= Control store =

A control store is the part of a CPU's control unit that stores the CPU's microprogram. It is usually accessed by a microsequencer. A control store implementation whose contents are unalterable is known as a read-only memory (ROM) or Read Only Storage (ROS); one whose contents are alterable is known as a Writable Control Store (WCS).

==Implementation==

===Early use===
Early control stores were implemented as a diode-array accessed via address decoders, a form of read-only memory. This tradition dates back to the program timing matrix on the MIT Whirlwind, first described in 1947. Modern VLSI processors instead use matrices of field-effect transistors to build the ROM and/or PLA structures used to control the processor as well as its internal sequencer in a microcoded implementation. IBM System/360 used a variety of techniques: CCROS (Card Capacitor Read-Only Storage) on the Model 30, TROS (Transformer Read-Only Storage) on the Model 40, and BCROS (Balanced Capacitor Read-Only Storage) on Models 50, 65 and 67.

===Writable stores===
Some computers are built using "writable microcode" — rather than storing the microcode in ROM or hard-wired logic, the microcode is stored in a RAM called a writable control store or WCS. Such a computer is sometimes called a Writable Instruction Set Computer or WISC. Many of these machines were experimental laboratory prototypes, such as the WISC CPU/16 and the RTX 32P.

The original System/360 models have read-only control store, but later System/360, System/370 and successor models load part or all of their microprograms from floppy disks or other DASD into a writable control store consisting of ultra-high speed random-access read–write memory. The System/370 architecture includes a facility called Initial-Microprogram Load (IML or IMPL) that can be invoked from the console, as part of Power On Reset (POR) or from another processor in a tightly coupled multiprocessor complex. This permitted IBM to easily repair microprogramming defects in the field. Even when the majority of the control store is stored in ROM, computer vendors would often sell writable control store as an option, allowing the customers to customize the machine's microprogram.

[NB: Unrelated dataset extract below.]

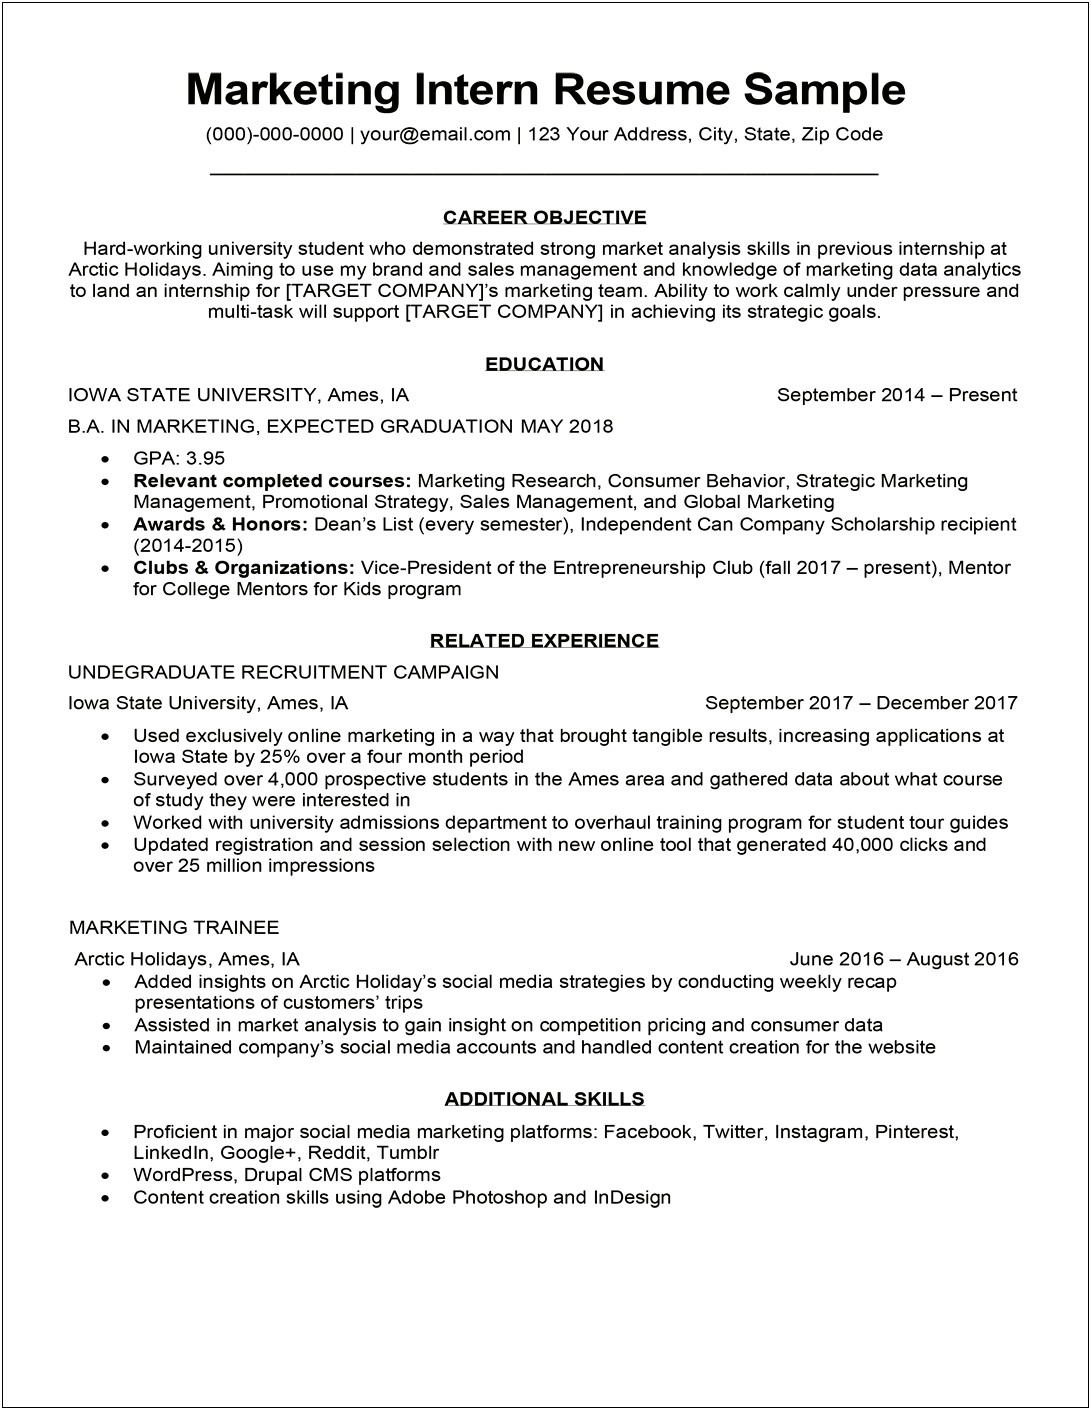 Resume Job Description Examples Reddit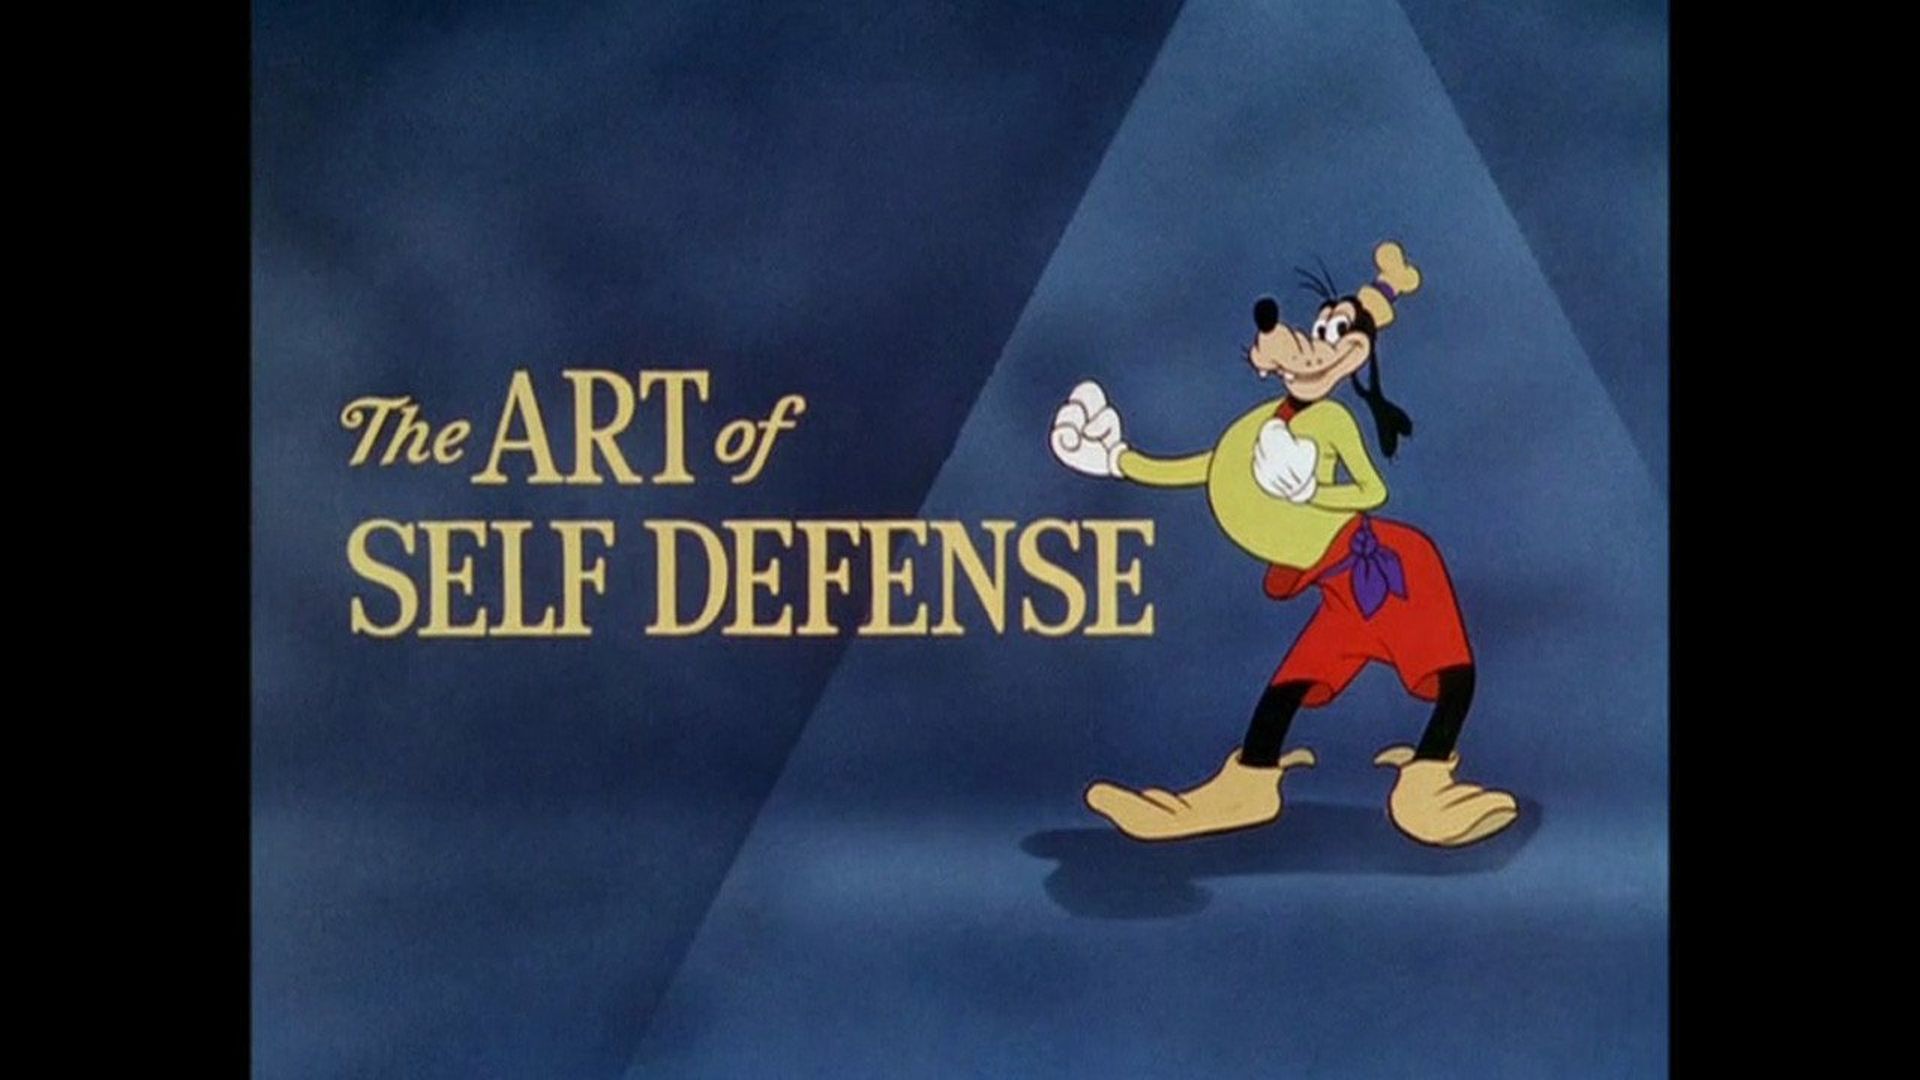 The Art of Self Defense Backdrop

Other vendors, e.g., IBM, use the WCS to run microcode for emulator features and hardware diagnostics.

Other commercial machines that use writable microcode include the Burroughs Small Systems (1970s and 1980s), the Xerox processors in their Lisp machines and Xerox Star workstations, the DEC VAX 8800 ("Nautilus") family, and the Symbolics L- and G-machines (1980s). Some DEC PDP-10 machines store their microcode in SRAM chips (about 80 bits wide x 2 Kwords), which is typically loaded on power-on through some other front-end CPU. Many more machines offer user-programmable writable control stores as an option (including the HP 2100, DEC PDP-11/60 and Varian Data Machines V-70 series minicomputers).
The Mentec M11 and Mentec M1 store its microcode in SRAM chips, loaded on power-on through another CPU.
The Data General Eclipse MV/8000 ("Eagle") has a SRAM writable control store, loaded on power-on through another CPU.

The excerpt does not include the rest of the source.